3. **Direct Solr API** (if app API fails):
   ```bash
   # Add to both cores
   curl -X POST "http://solr:8983/solr/storycove_stories/schema" \
     -H "Content-Type: application/json" \
     -d '{"add-field":{"name":"libraryId","type":"string","indexed":true,"stored":true}}'

   curl -X POST "http://solr:8983/solr/storycove_authors/schema" \
     -H "Content-Type: application/json" \
     -d '{"add-field":{"name":"libraryId","type":"string","indexed":true,"stored":true}}'
   ```

4. **For development**: Use Option 1 (volume reset) for clean restart

### Migration Endpoint Returns Error

Common causes:
- Solr is not available (check connectivity)
- No active library context (ensure user is authenticated)
- Insufficient permissions (check JWT token/authentication)

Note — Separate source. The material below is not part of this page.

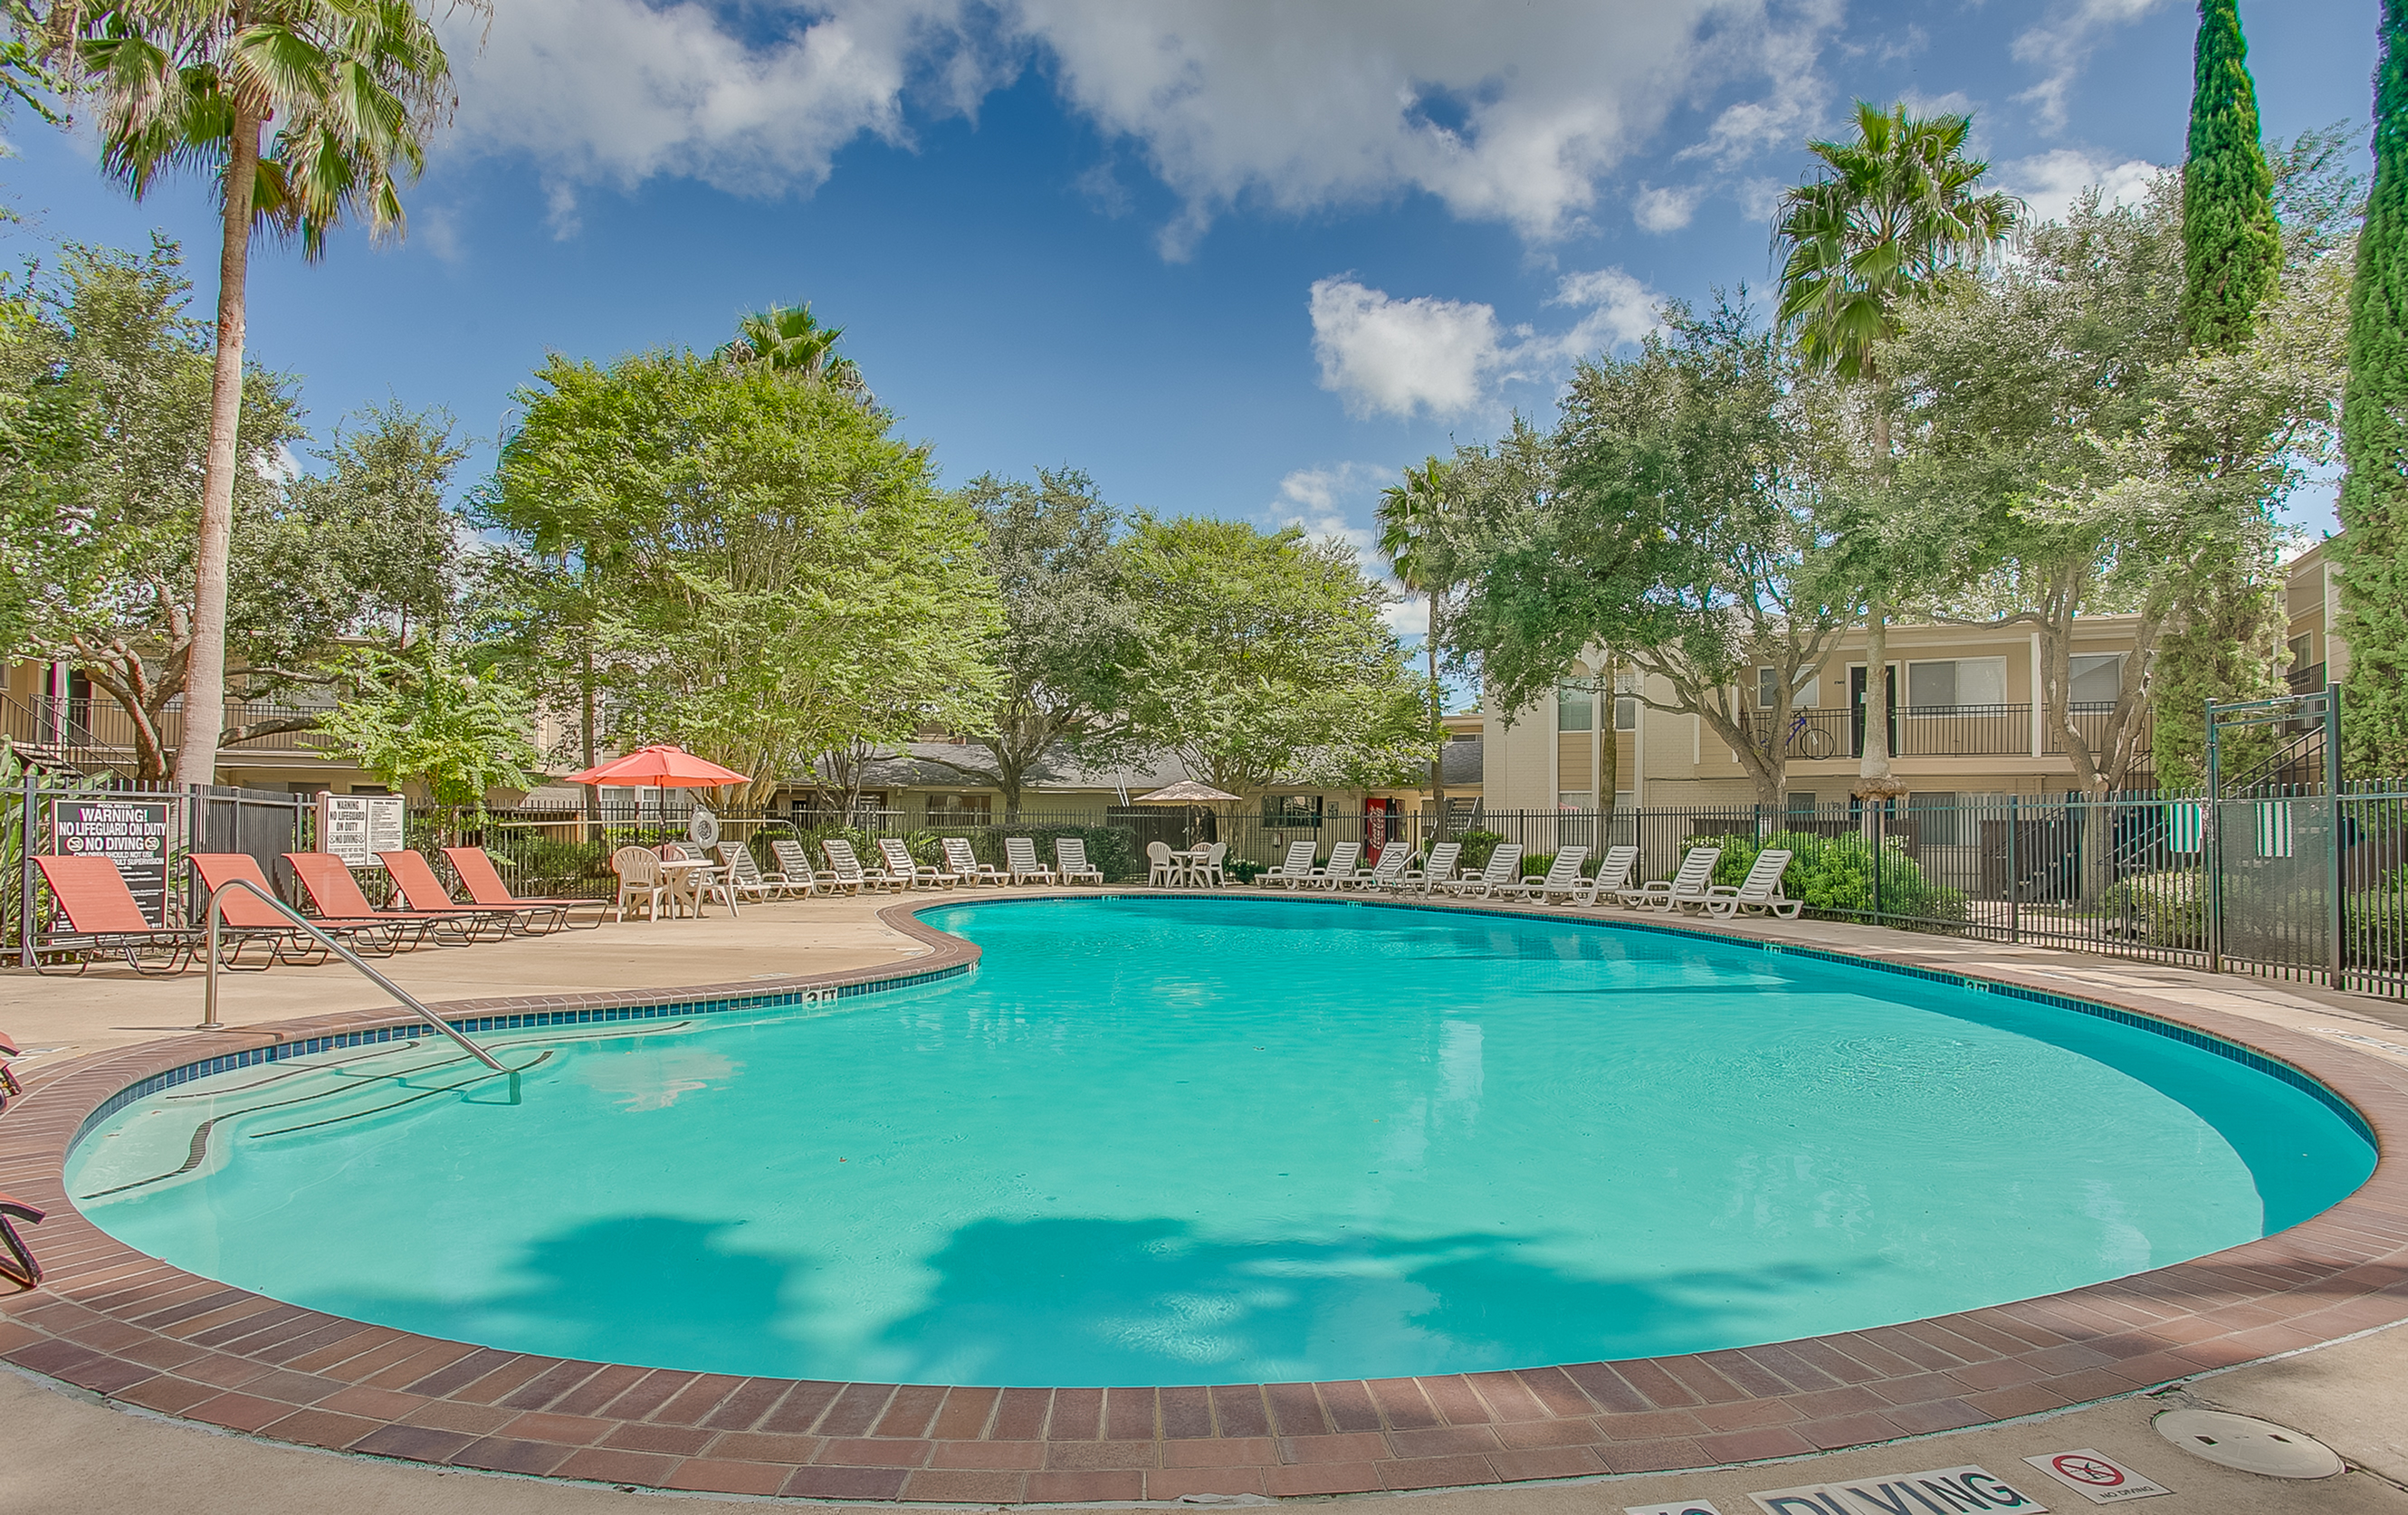 View of Pool Area, Showing Fenced-In Area, Picnic Area, and Loungers at The Regatta Apartments

### Search Results Still Mixed

This indicates incomplete migration:
- Clear all Solr data and reindex completely
- Verify that all documents have libraryId field
- Check that search queries include library filters

## Environment-Specific Notes

### Development
- Use Option 1 (volume reset) for simplicity
- Data loss is acceptable in dev environments

### Staging
- Use Option 2 or 3 to test production migration procedures
- Verify migration process before applying to production

### Production
- **Always backup data first**
- Use Option 2 (Schema API) or Option 3 (Admin endpoint)
- Plan for brief performance impact during reindexing
- Monitor system resources during bulk reindexing

## Performance Considerations

- **Reindexing time**: Depends on data size (typically 1000 docs/second)
- **Memory usage**: May increase during bulk indexing
- **Search performance**: Minimal impact from library filtering
- **Storage**: Slight increase due to libraryId field

## Rollback Plan

If issues occur:

1. **Immediate**: Restart Solr to previous state (if using Option 1)
2. **Schema revert**: Remove libraryId field via Schema API
3. **Code rollback**: Deploy previous version without library separation
4. **Data restore**: Restore from backup if necessary

This migration enables proper multi-tenant isolation while maintaining search performance and functionality.